Above all, never lose hope.  No one ever gave me any indication that my son would be able to do a fraction of the things he is doing now. Miracles happen.

  • Endersdragon

    I think I can resemble a lot of this. I am Asperger’s… sortof… no one really knows because while I was showing signs before the age of 7… I got into a car accident then and its impossible to tell what caused what as I obviously have a TBI on top of it (by this was 1993.. Asperger’s knowledge was just barely coming out and I think I had only ever seen one, maybe two, psychologists). Luckily for me, I have a mild case so I still got through college, still learned to drive (that one was tough!), hopefully will be able to hold down a profession job (special education teacher :crosses fingers: ) though then again I have only held two jobs before, and one was a summer camp job, and the other I only had like 2 months before being prematurely fired (horrible job for an aspie anyway…). I will hopefully never have to live in a residential community, I am getting along pretty well right now in apartments, though my food budget is probably a bit high (I say its about 300 a month or 10 a day, my biggest problem is with cooking so I eat out about 1 meal a day, not the cheapest thing to do, especially when you are trying to stay healthy).
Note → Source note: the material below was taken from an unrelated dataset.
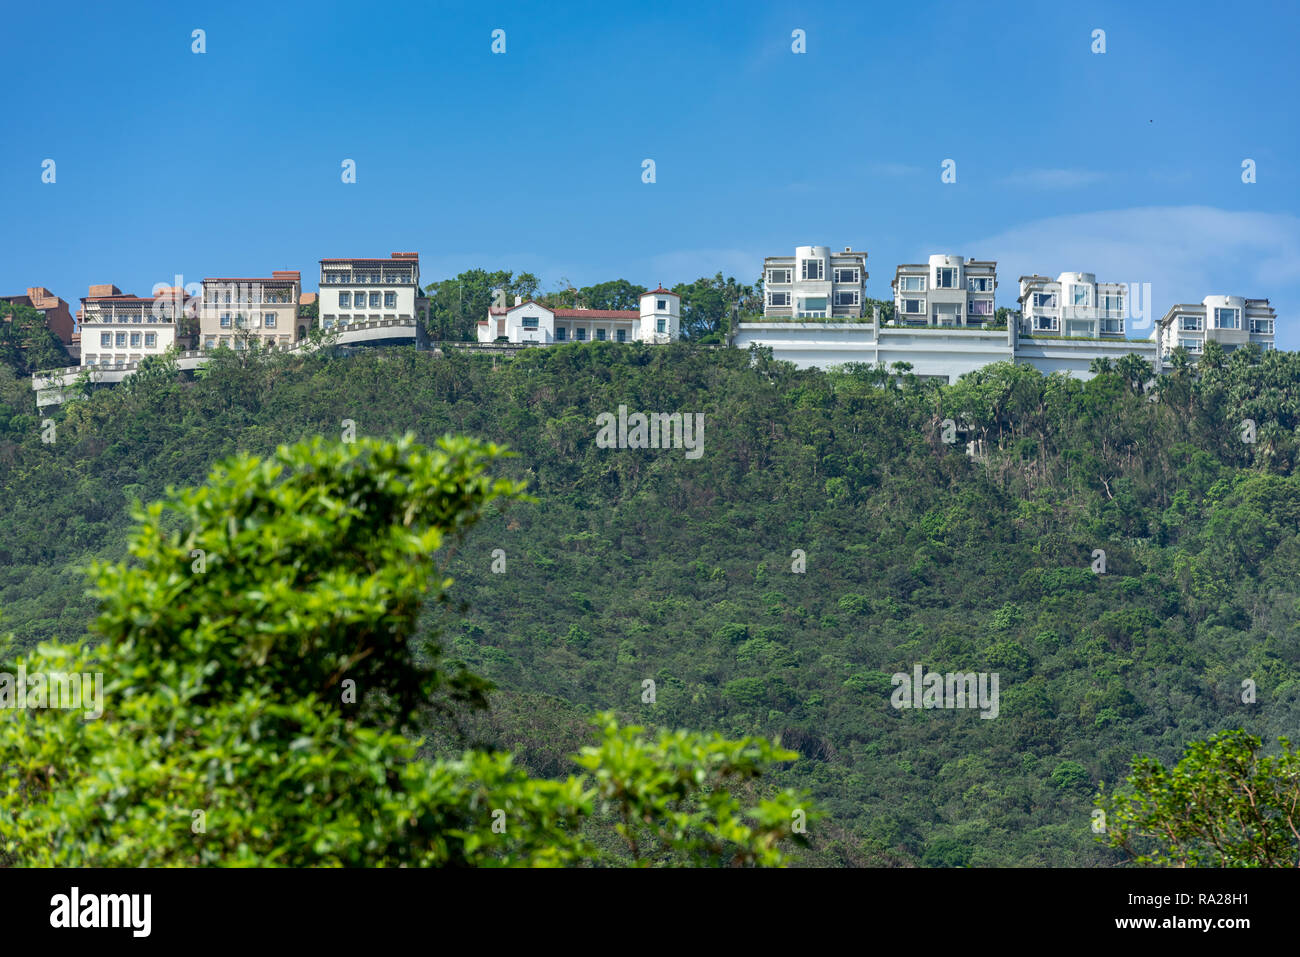 These luxurious homes along Peak Road in Hong Kong have spectacular views over Aberdeen Country Park, the twin reservoirs, and Deep Water Bay. Stock Photo
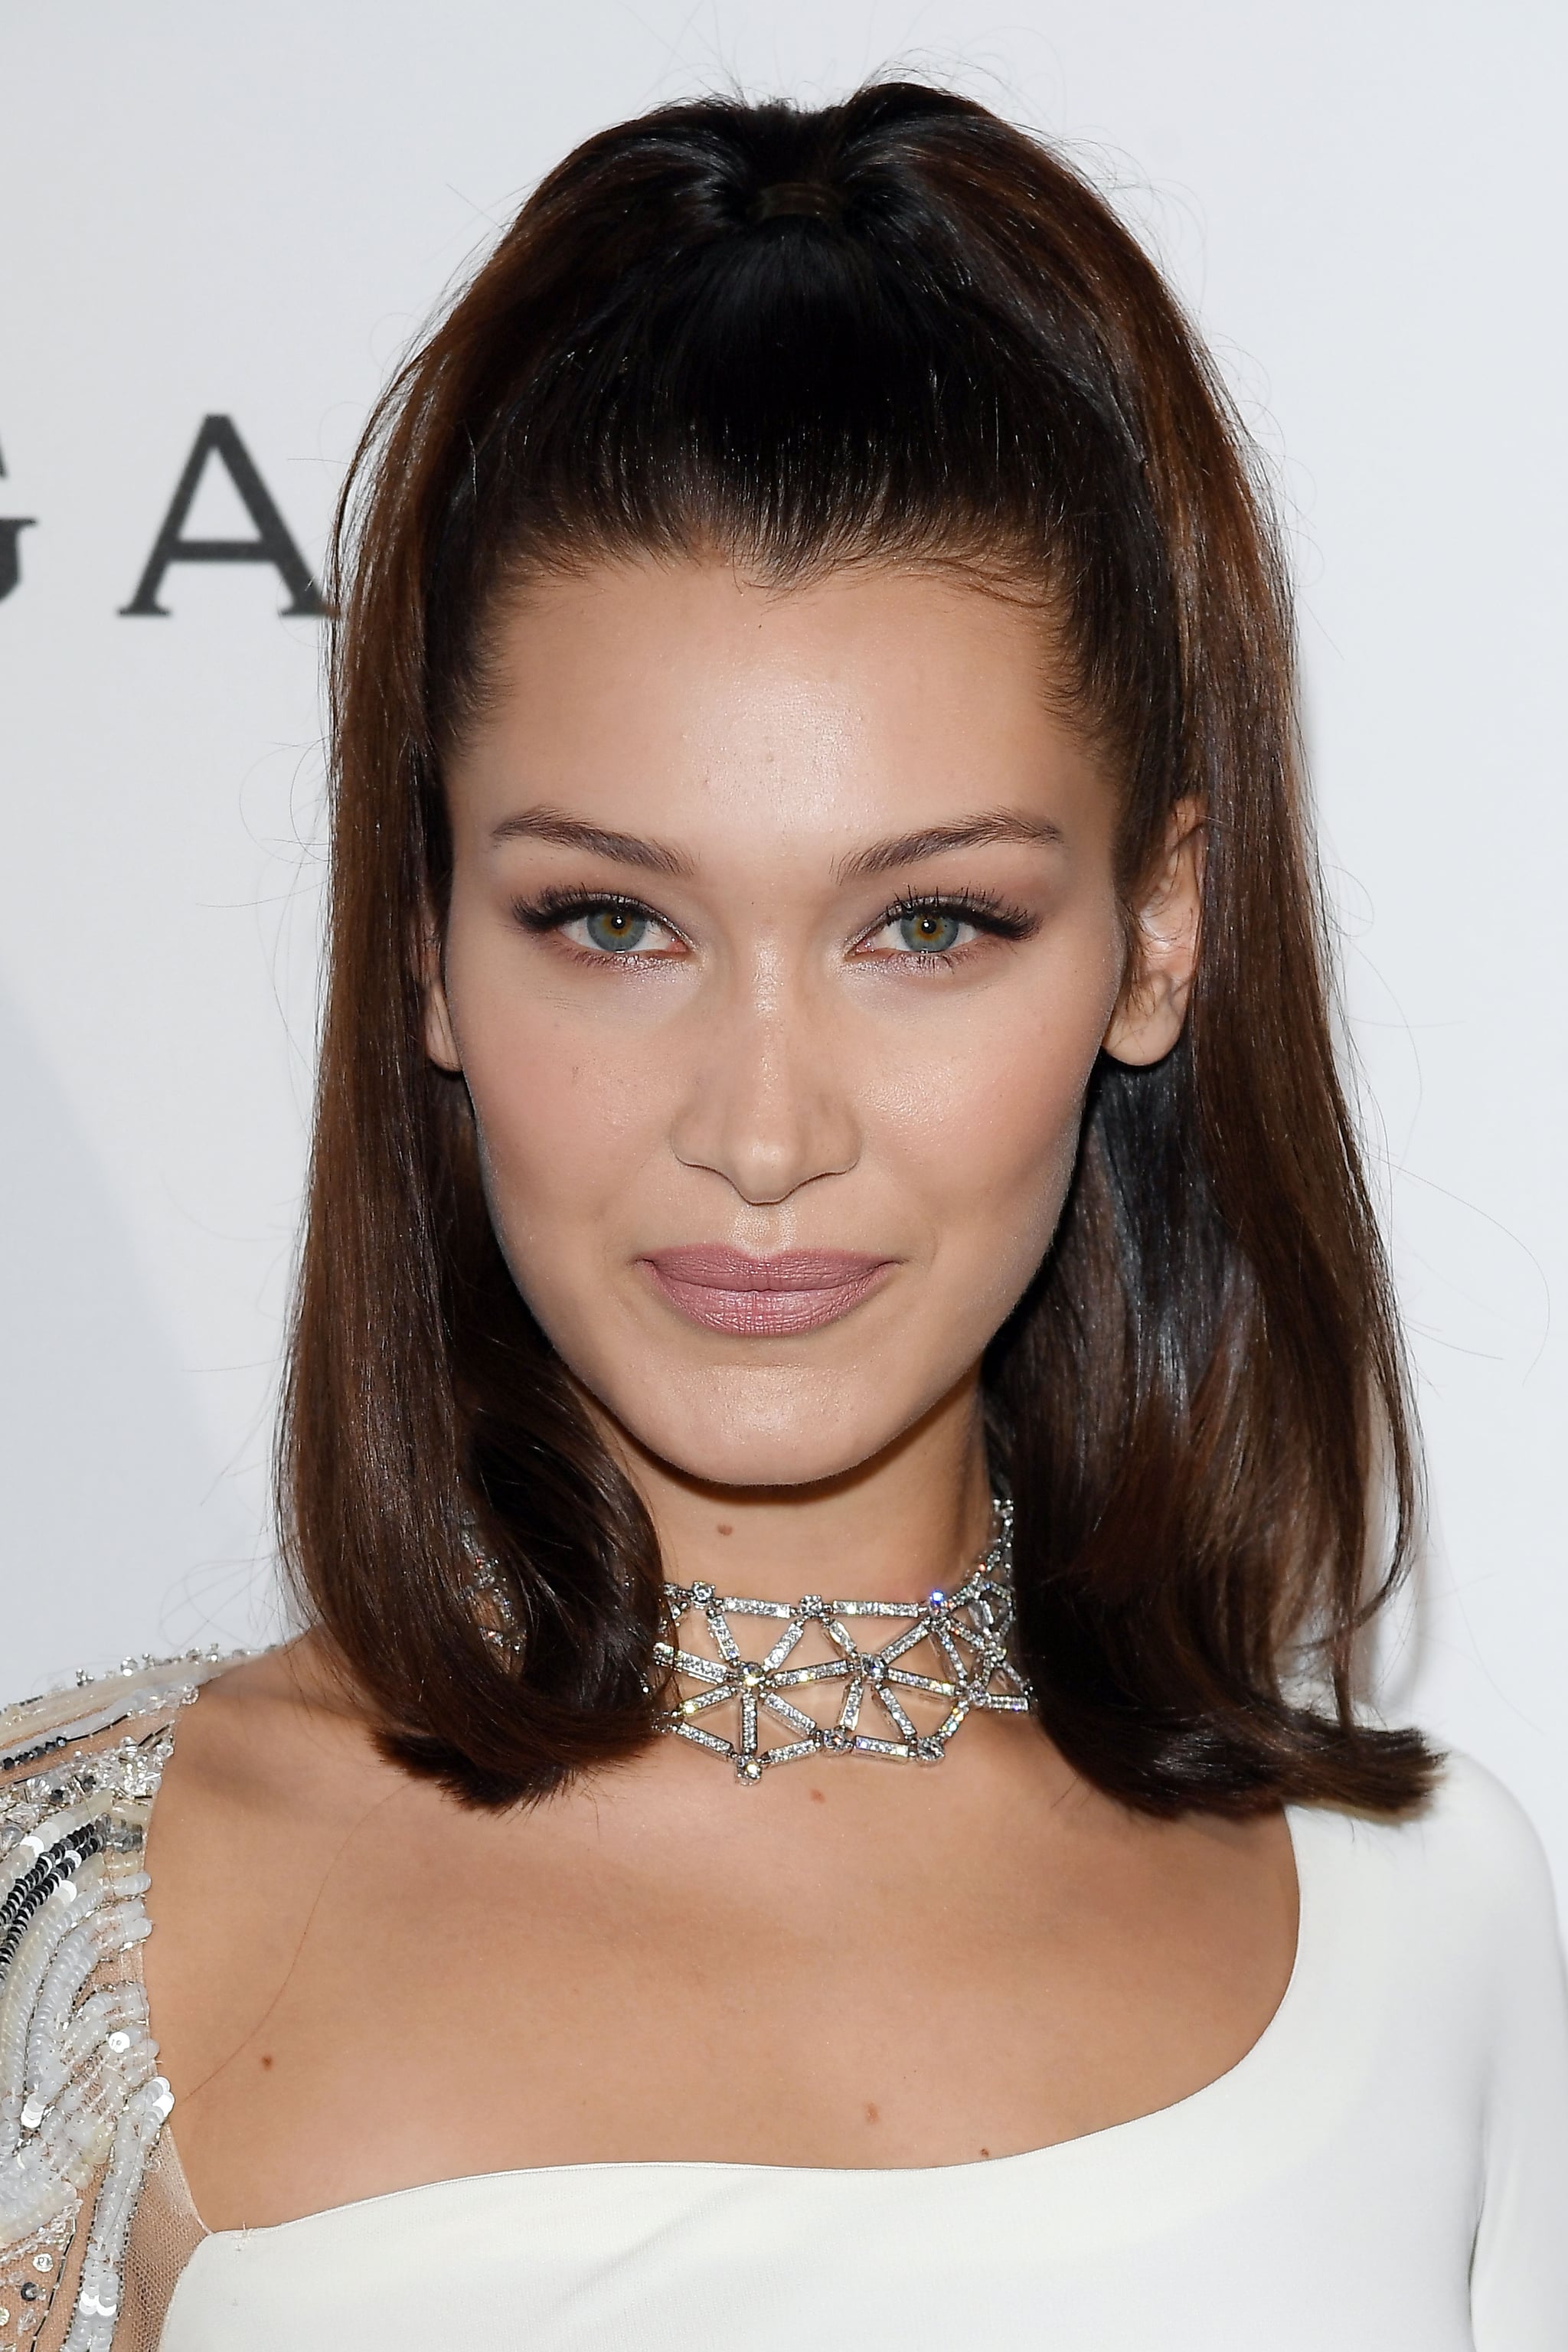 Image of Half up, half down hairstyle for oval oblong face

    But then again I have seen some of the problems you describe. I think my mom still “babies me” a bit, even when I am 1000 miles away. She still is constantly checking up on me. She still shops for me (trust me, going into a Penny’s with your mom can be quite embarressing when you are 24!). She still worries way too much about me being on the road (granted I have been in 2 small accidents, but they were both really small and one was weather related, and the other was mostly a third party who didn’t stick arounds fault). Heck she even worried when I started martial arts, though she would deny it (then I go and nearly get a concussion to confirm her fears… that was dumb of me lol). So I get the overbabying of aspie kids.

    One of the weird things about me, is that I never took meds and never really had a support center or whatever. This isn’t to say I might not have ever benefitted from them, but the way I saw it, I had reason to be depressed, I had reason to be on the verge of suicidality (is that a word? lol), and I wanted to know that whatever I felt, it was my own feelings. So I was never on any medication, at all, other then tegretal which I stopped when I was like 10 (I hated the way it made me feel, sortof zombieish).

    Though I will admit that a support center would have been nice I looked around and what there was offered and its like, none of this fits me. Despite growing up dirt poor for much of my life I was never really and “at-risk” kid, not to mention “at-risk” kids generally scared me. The special needs groups were filled with kids I thought on no uncertain terms were “retards” (this is the younger me talking there). The church groups were nice, but so hard for someone like me to put myself into, so while I got along with Keith, the youth pastor, that was about it. I tried one of my “friends” smaller youth groups… but then we had a falling out after I asked her out (suffice it to say, she had some problems of her own).

    So there I always was stuck between fitting in with the normal kids and being a true special needs kid. Luckily I made it out, but it was never easy, even with the support services my tiny college offered. I am not quite sure what my experience added to this conversation, but I hope it added something lol :). I think I rambled a bit.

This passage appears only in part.